* **Instructions to follow**
Below is a listing to transcribe in full and exactly; keep the pictures out.

* **Data below**
· · · · · · ·

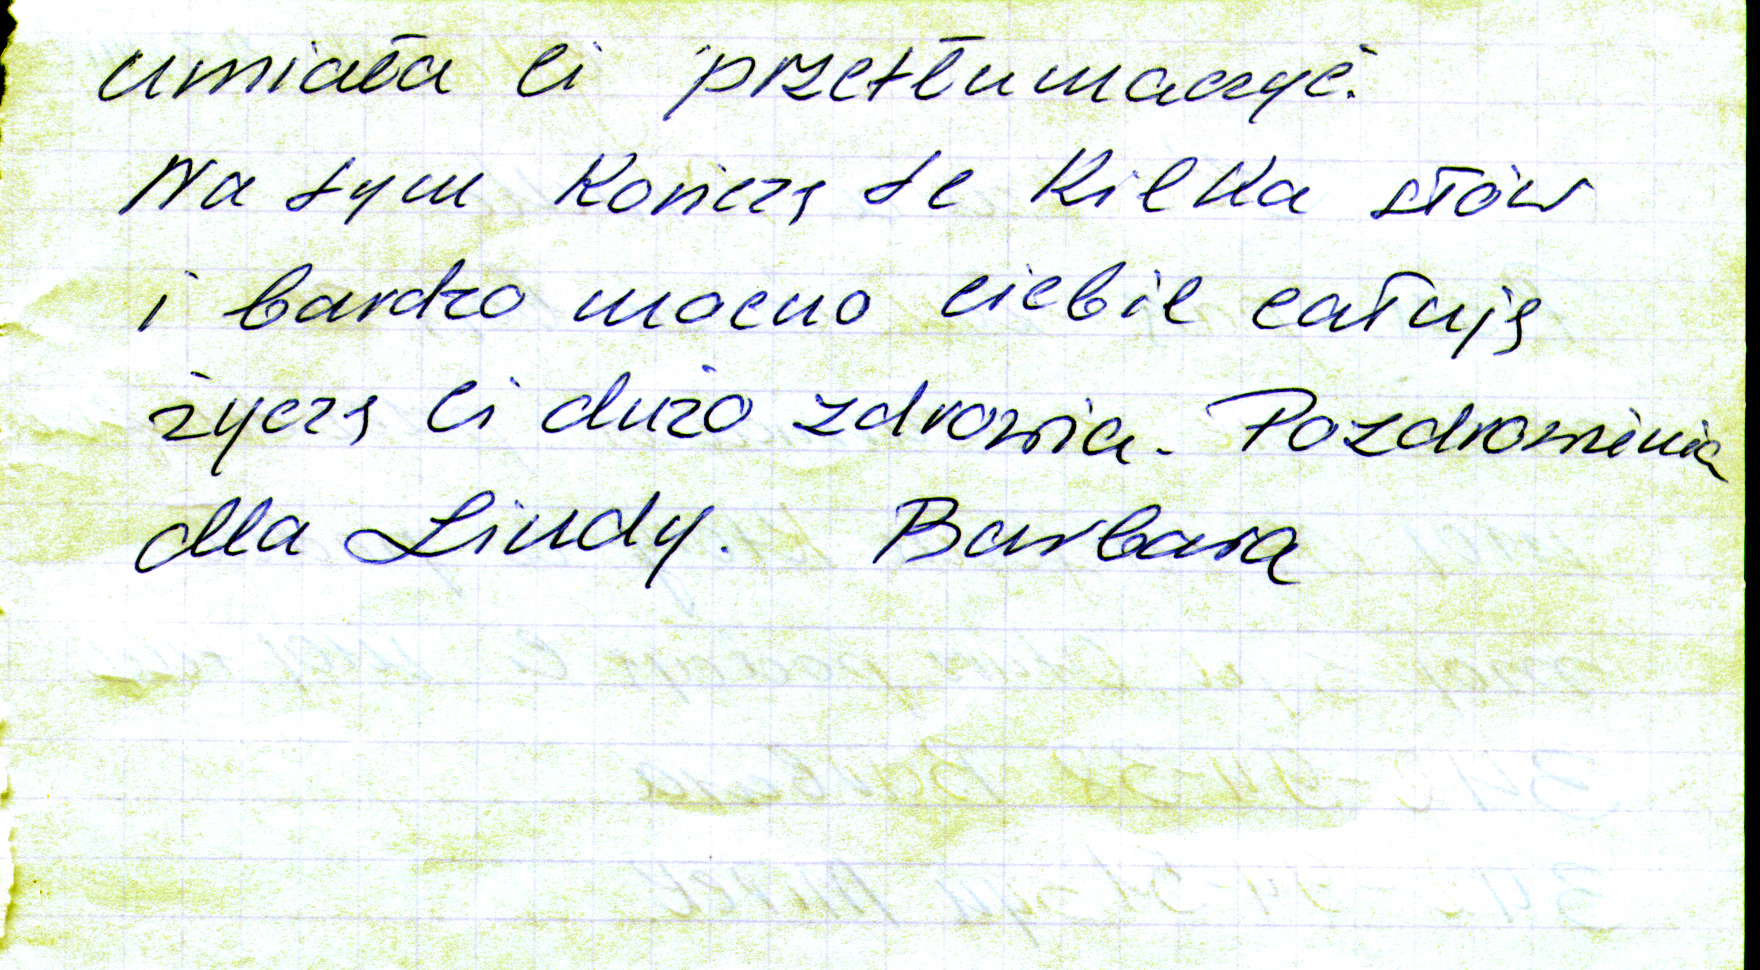 Barbara Kiszczak - Letter from Poland _back_ 2000.jpg
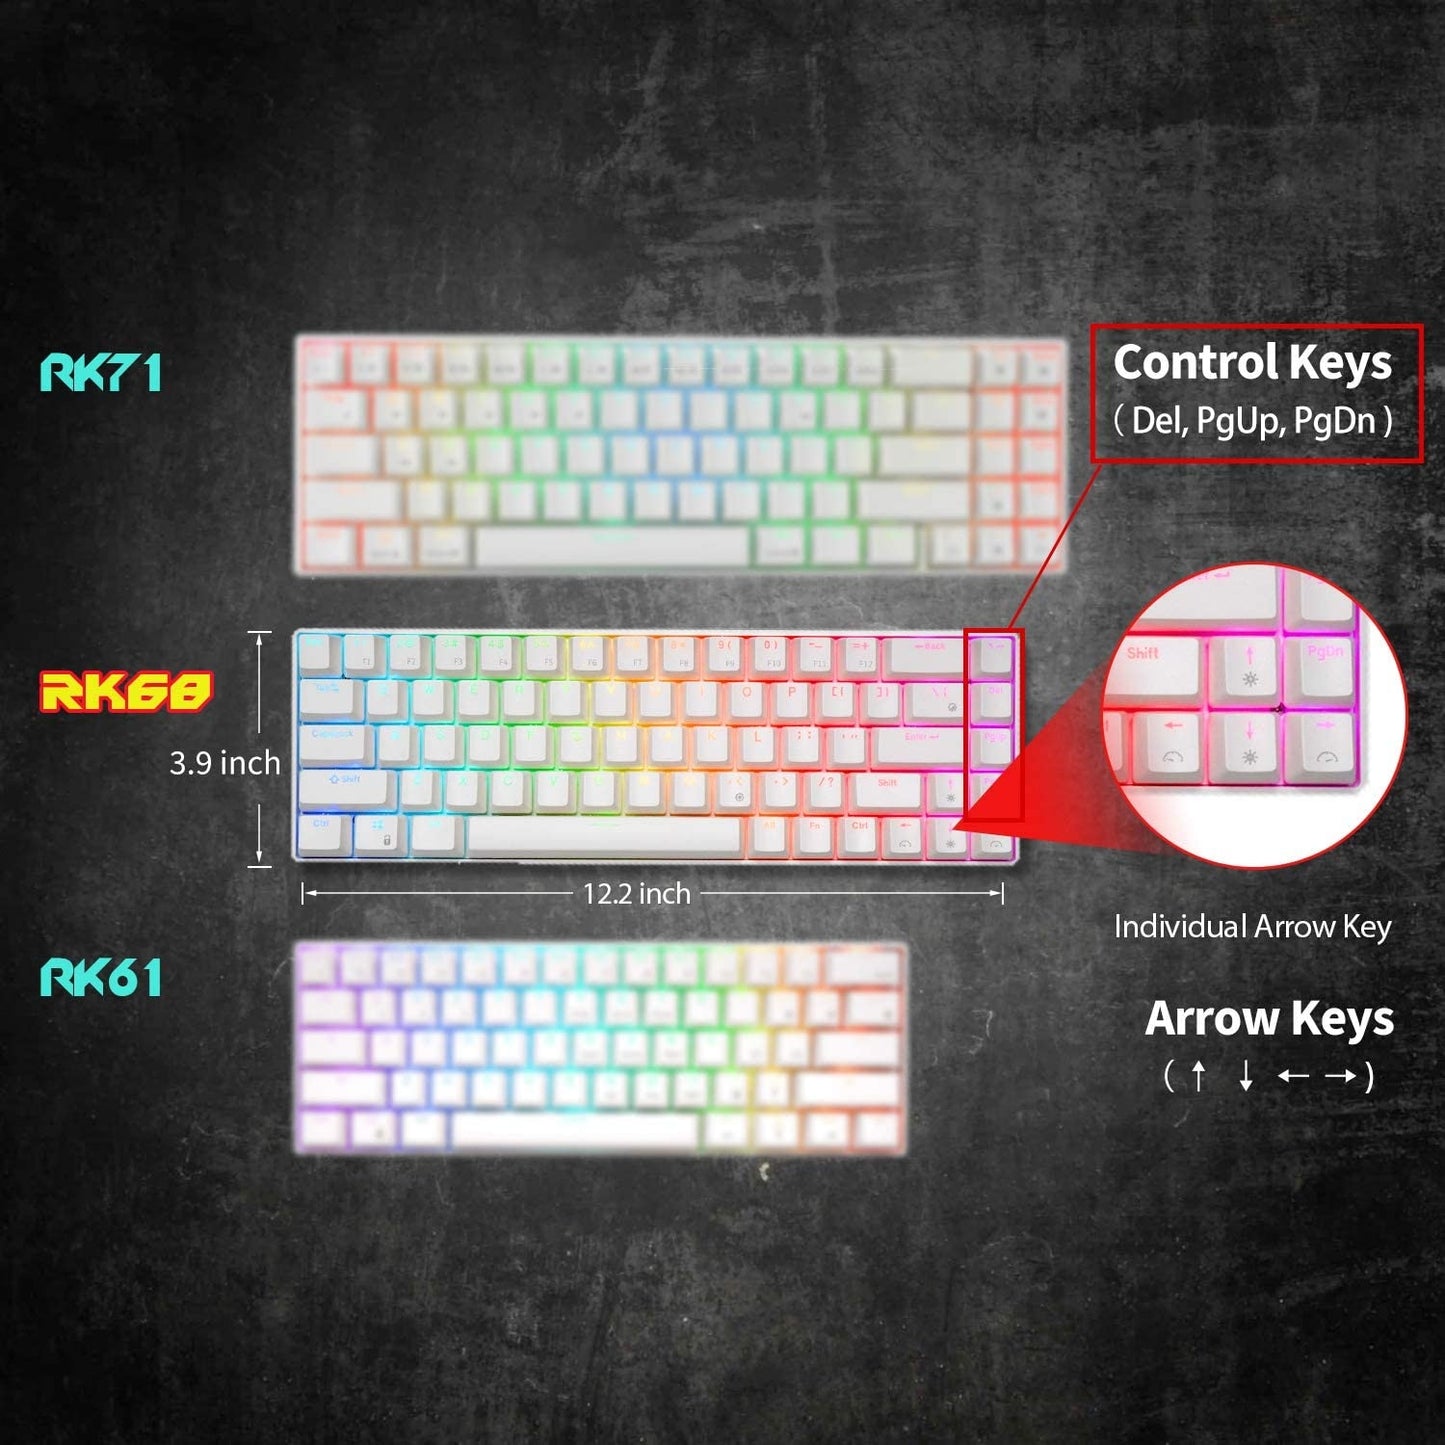 ROYAL KLUDGE RK G68 Wireless 65% Mechanical Keyboard
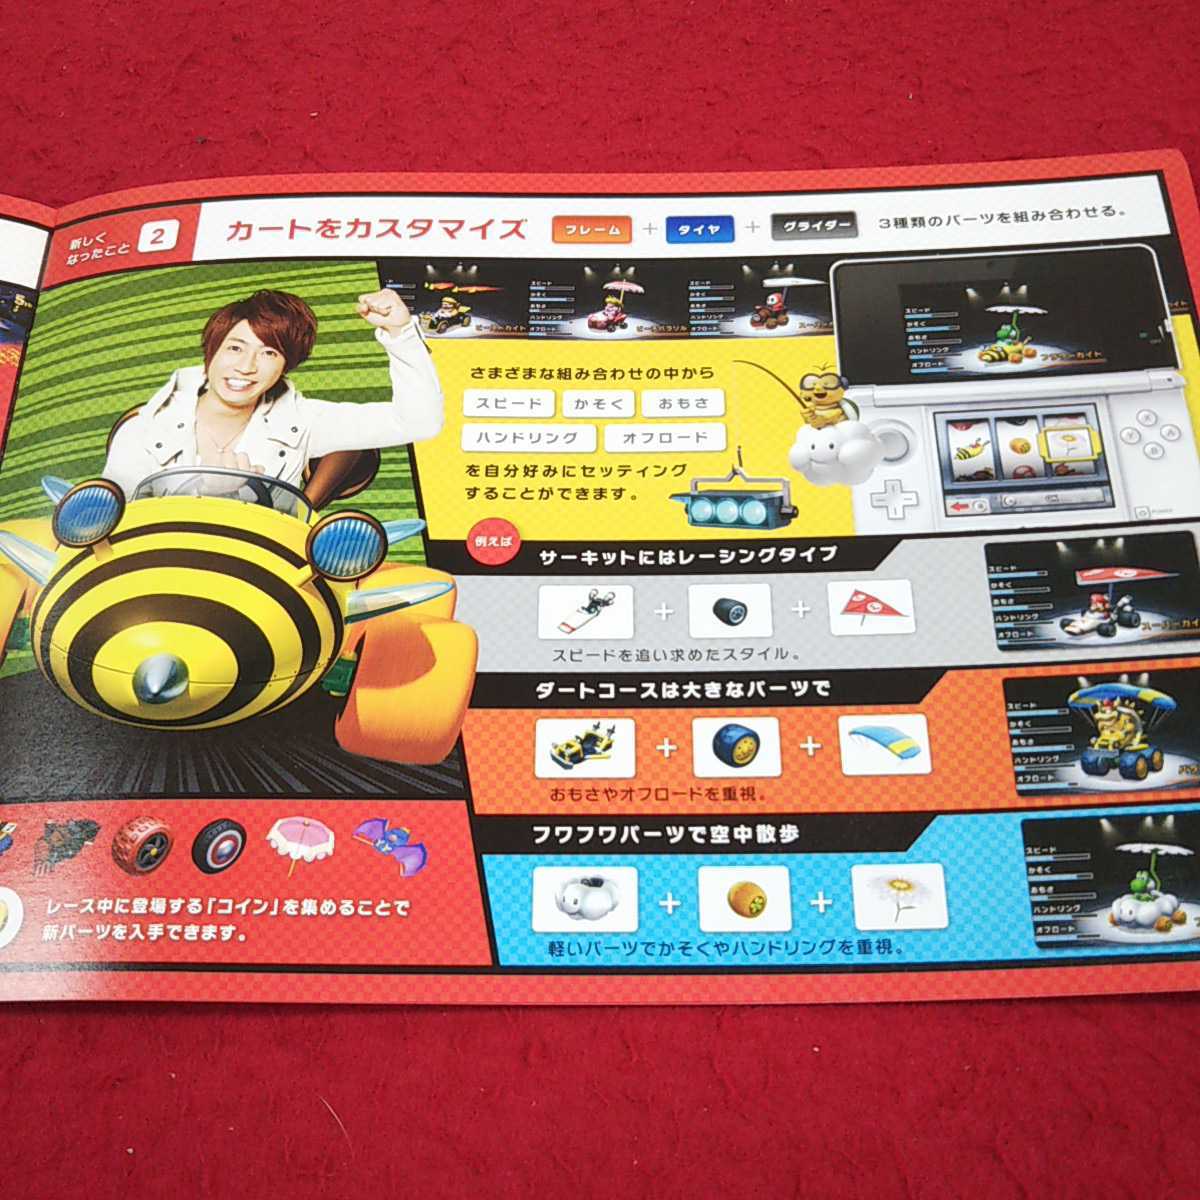 e-467※13 NINTENDO 3DSパンフレット マリオカート7 ARASHI 任天堂_画像4
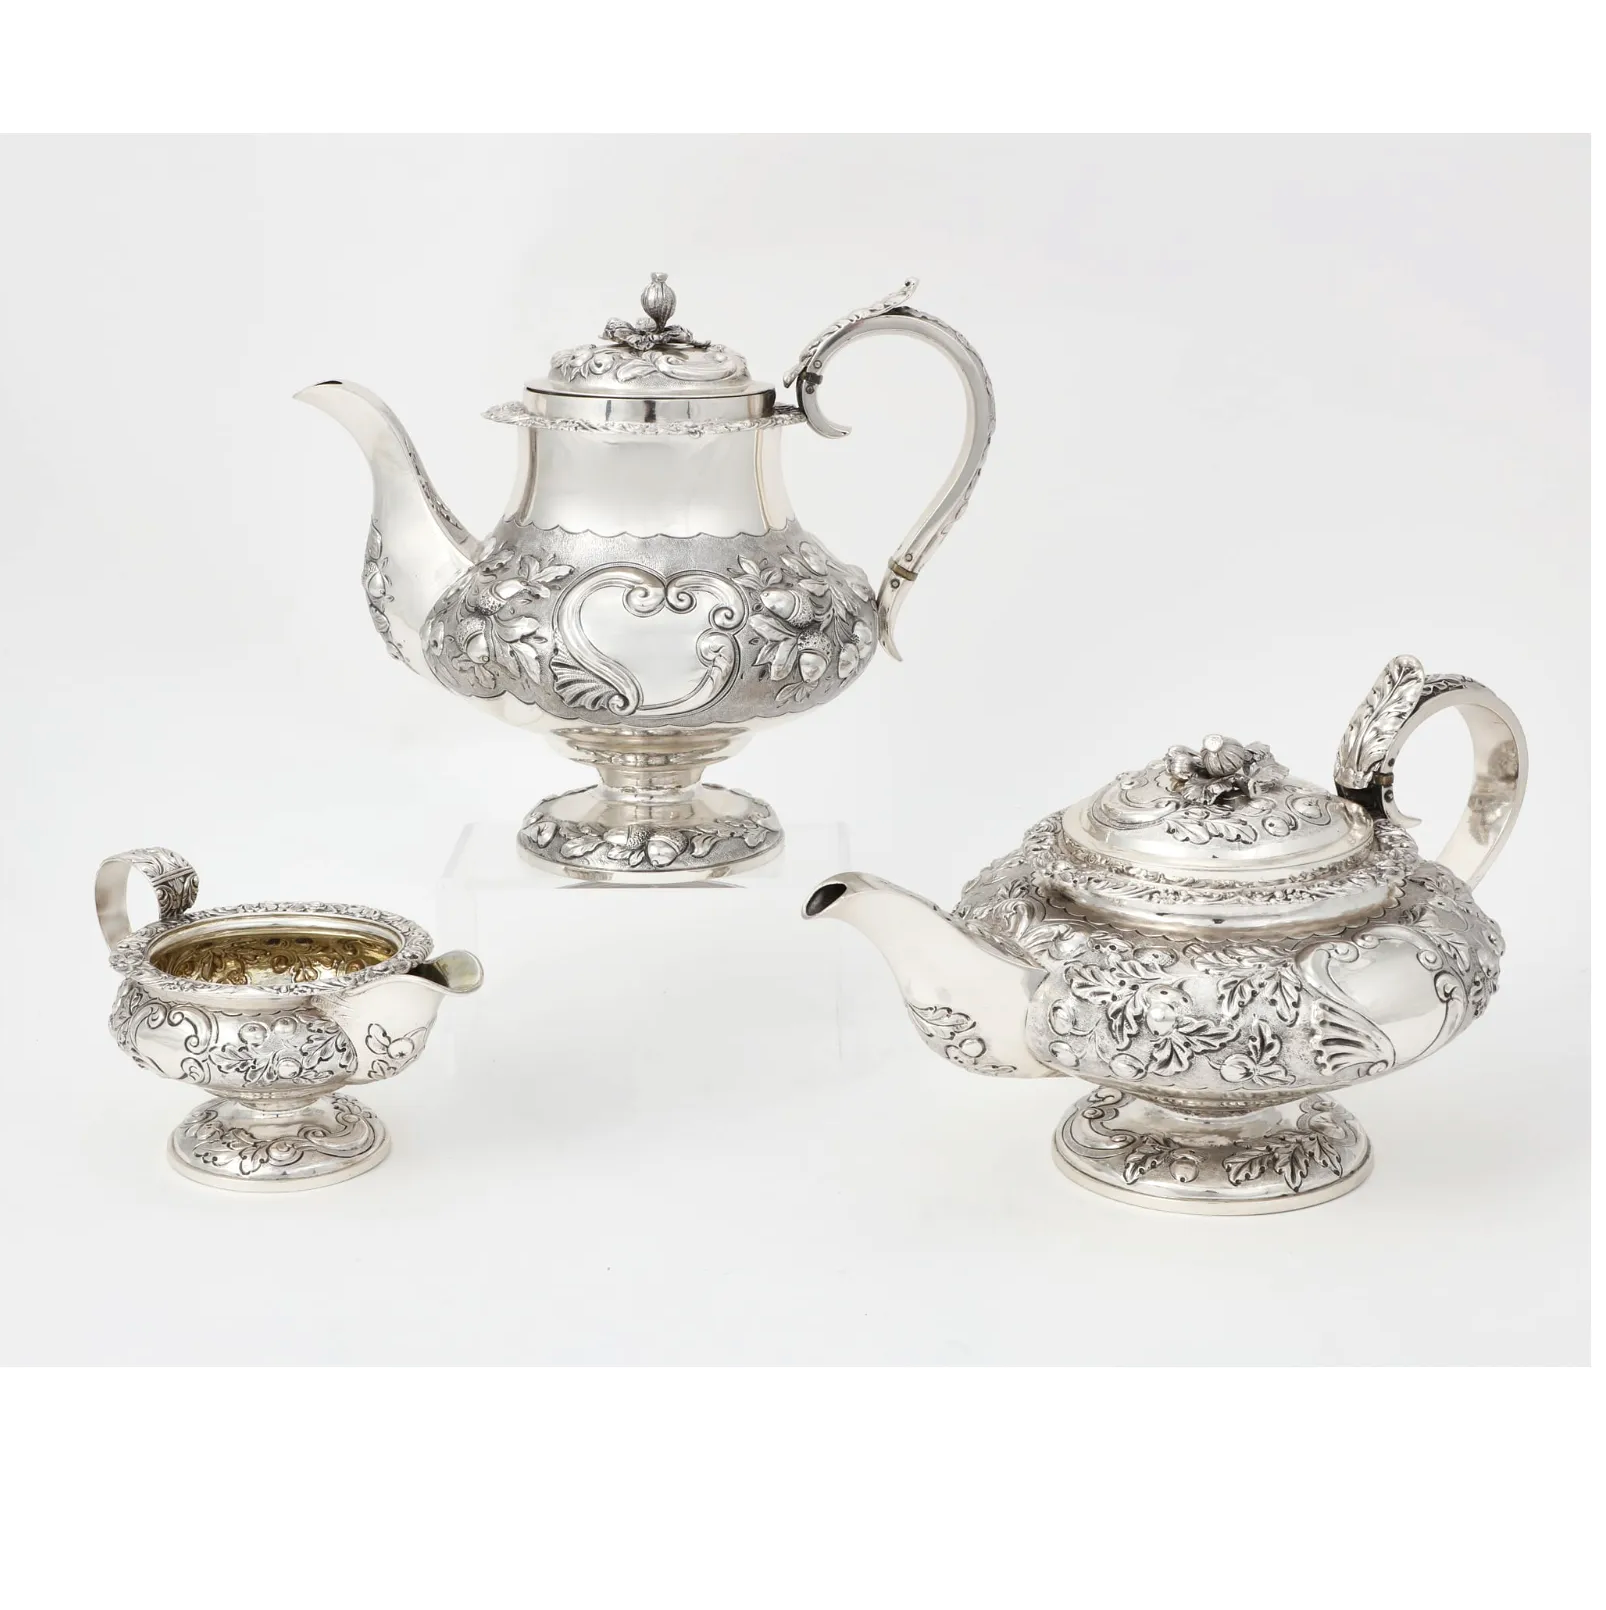 DA2-009: Circa 1825 George IV Silver Partial Tea and Coffee Service - Napthali Hart, London

· · · · · · ·

* **Reply to the exercise**
 Barbara Kiszczak - Letter from Poland _back_ 2000.jpg
 ROYAL KLUDGE RK G68 Wireless 65% Mechanical Keyboard
 e-467※13 NINTENDO 3DSパンフレット マリオカート7 ARASHI 任天堂_画像4
 DA2-009: Circa 1825 George IV Silver Partial Tea and Coffee Service - Napthali Hart, London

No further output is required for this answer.